*Task*. Print the whole listing below exactly as given, pictures excluded.

*Dataset section*.

____

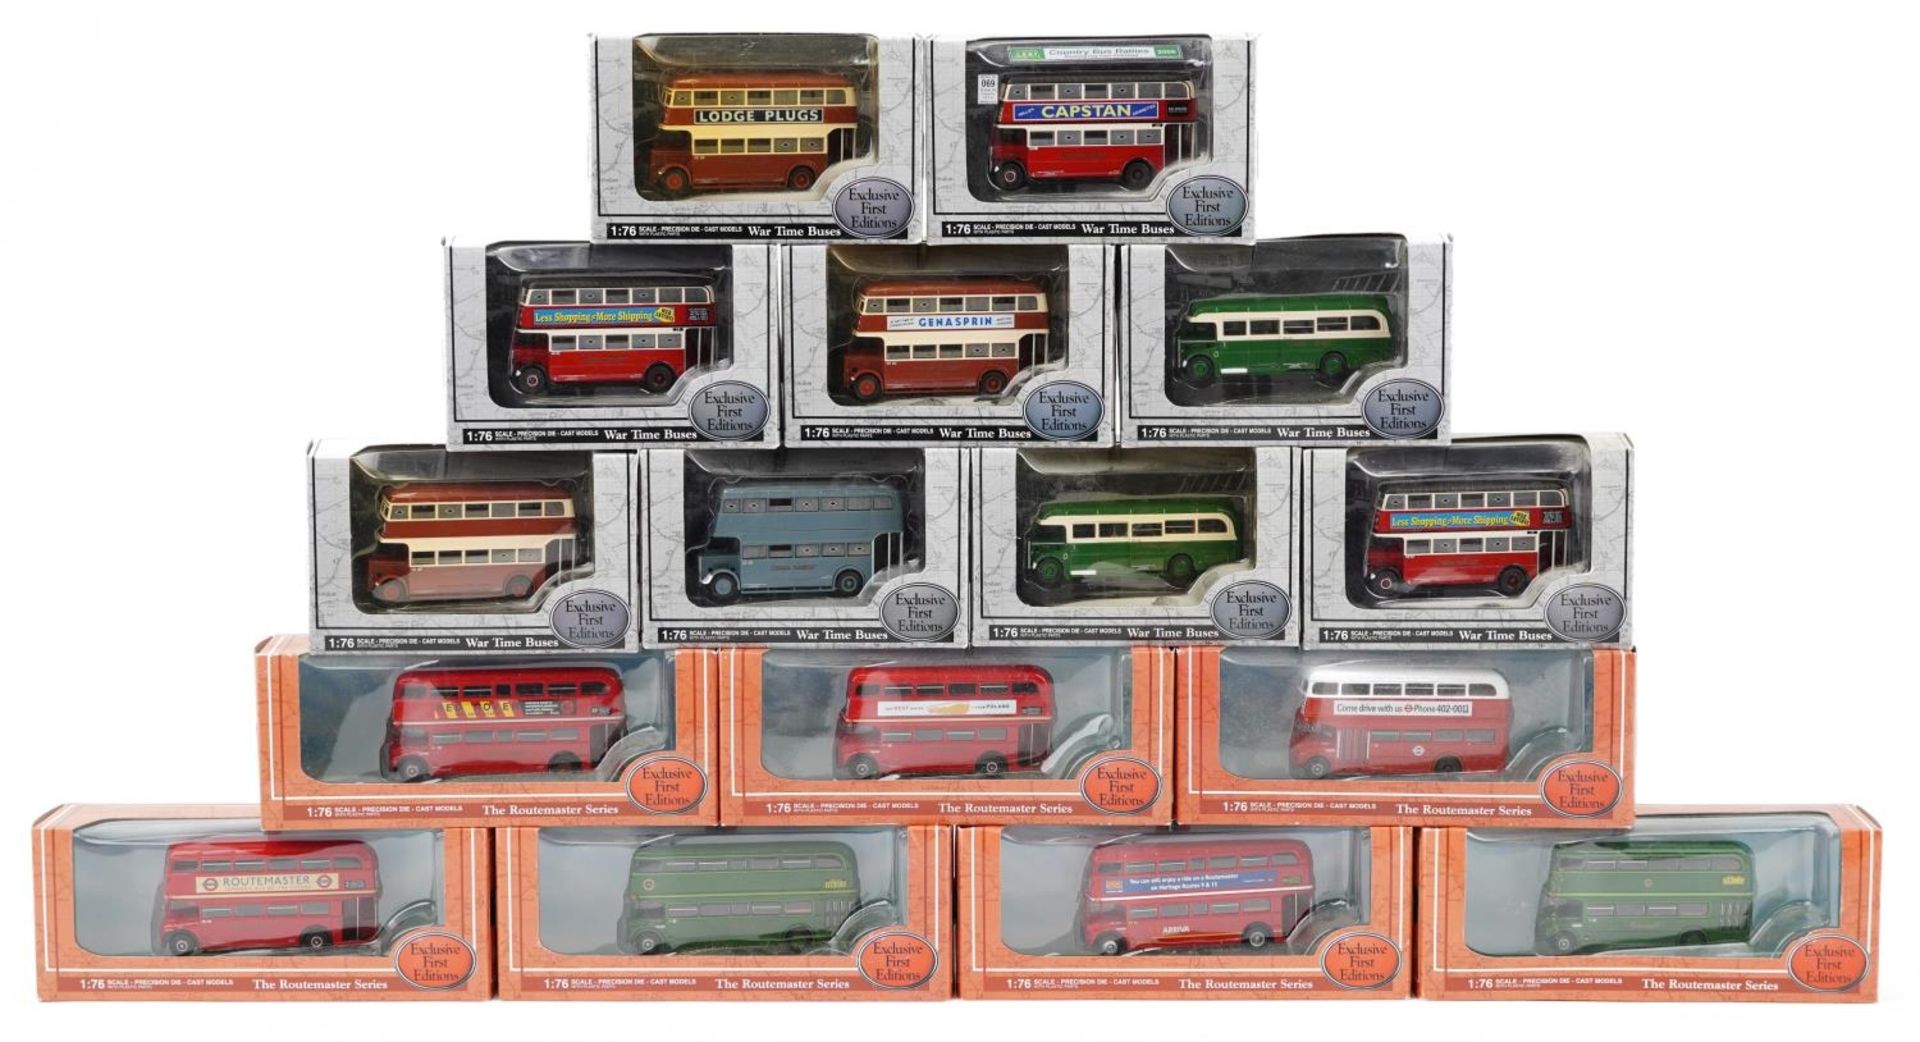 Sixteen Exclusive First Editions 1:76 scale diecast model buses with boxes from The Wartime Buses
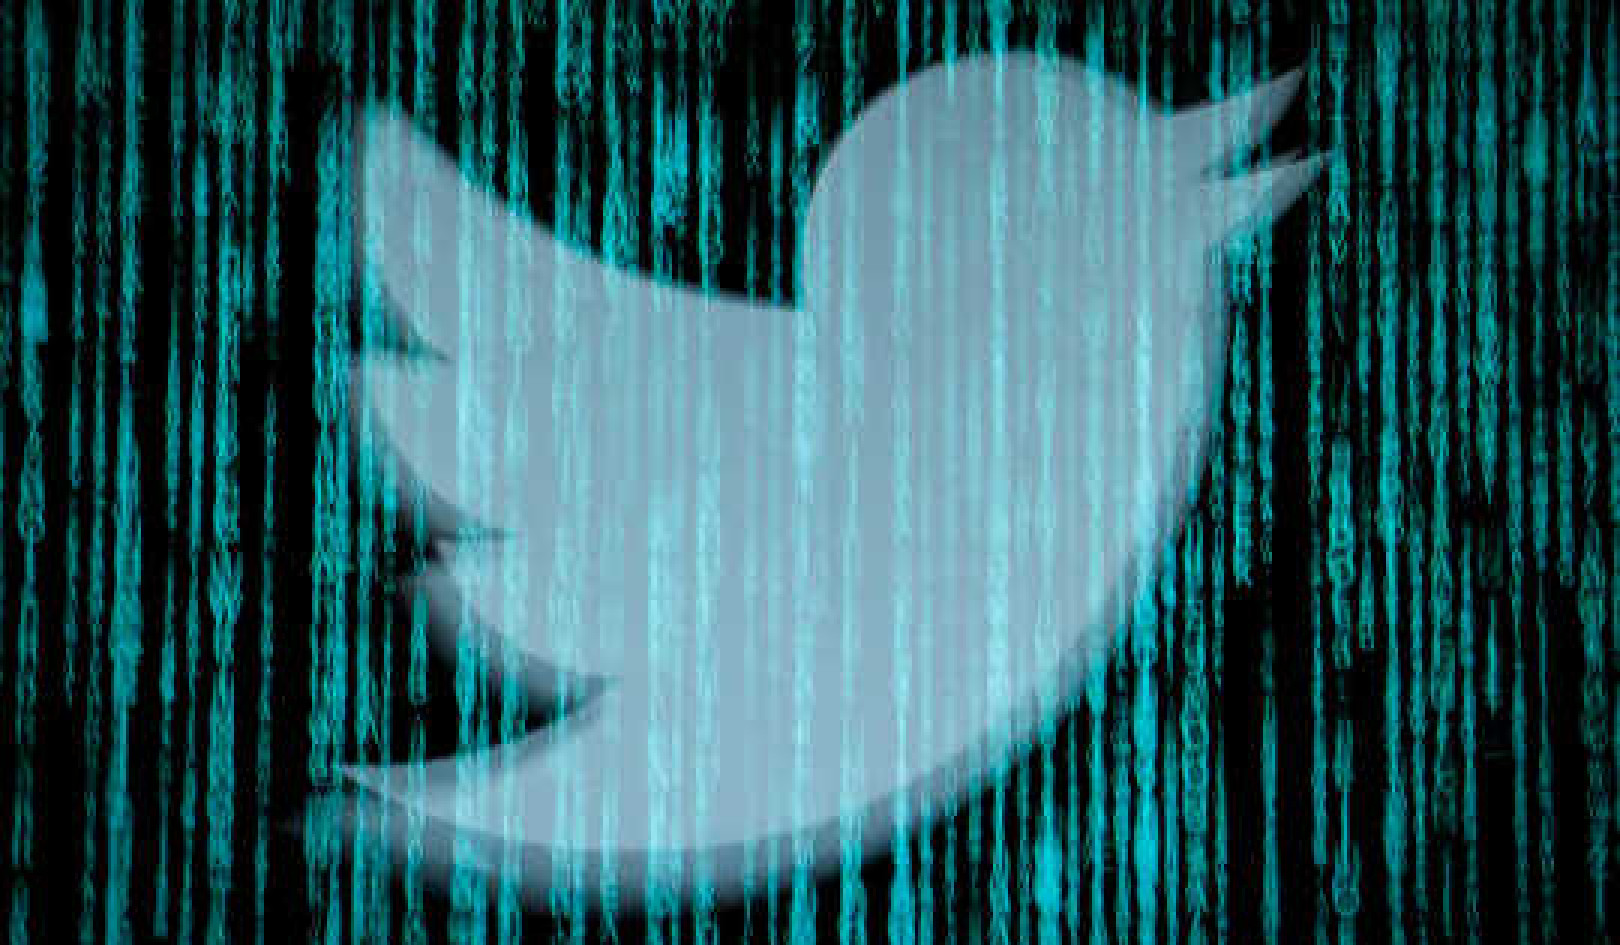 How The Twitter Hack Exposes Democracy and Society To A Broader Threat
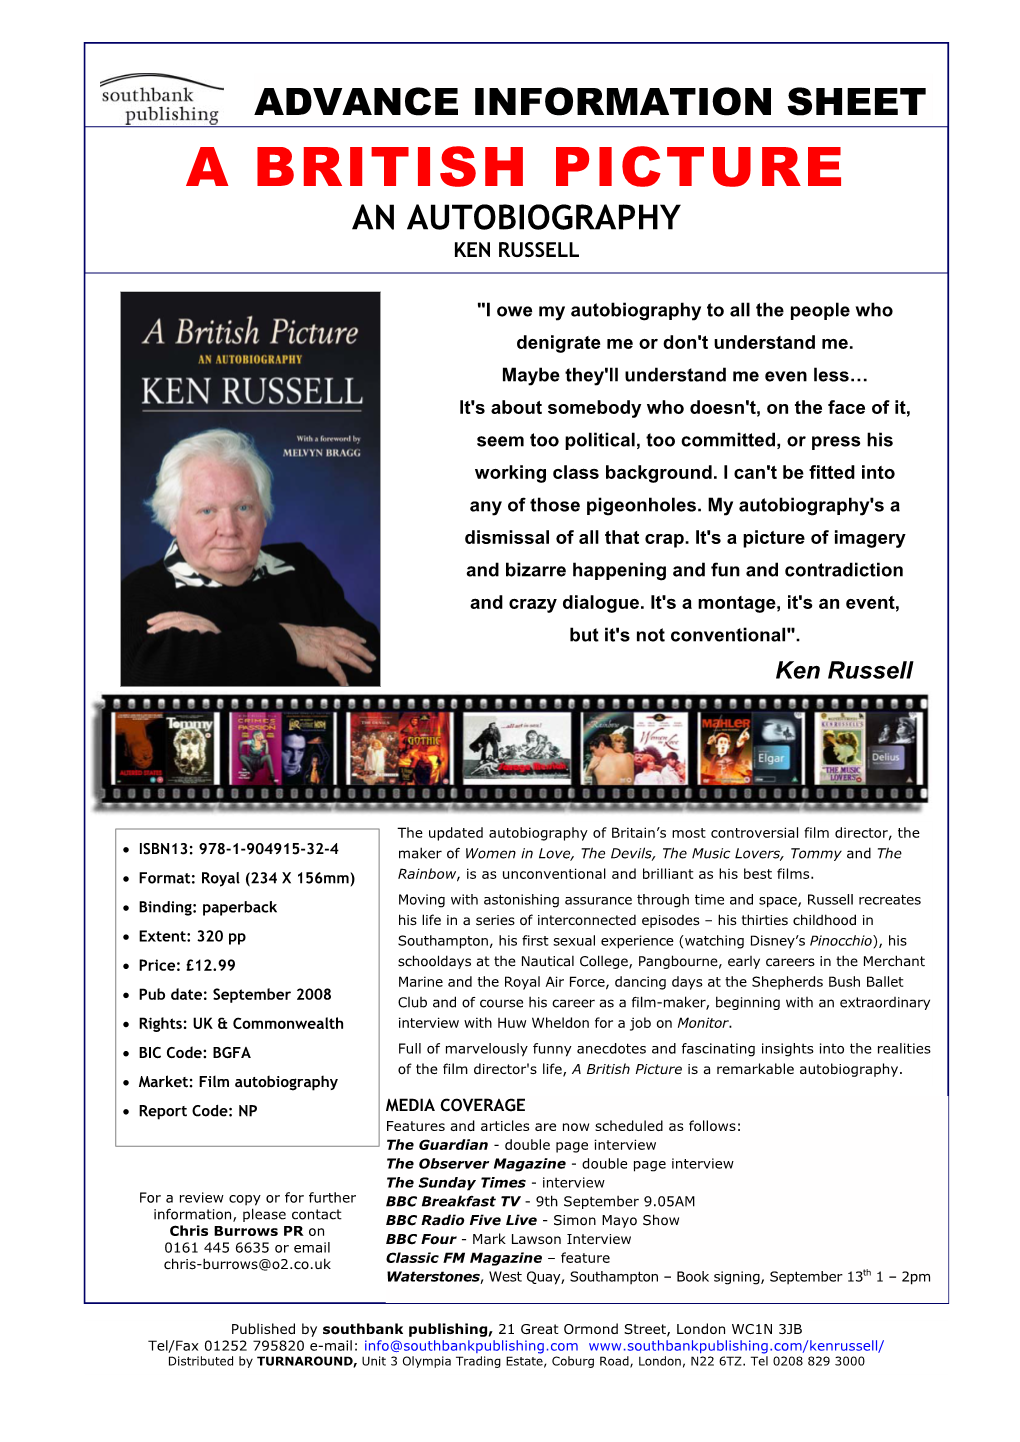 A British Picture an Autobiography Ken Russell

____

*Expected answer*.
 Sixteen Exclusive First Editions 1:76 scale diecast model buses with boxes from The Wartime Buses
 How The Twitter Hack Exposes Democracy and Society To A Broader Threat
 A British Picture an Autobiography Ken Russell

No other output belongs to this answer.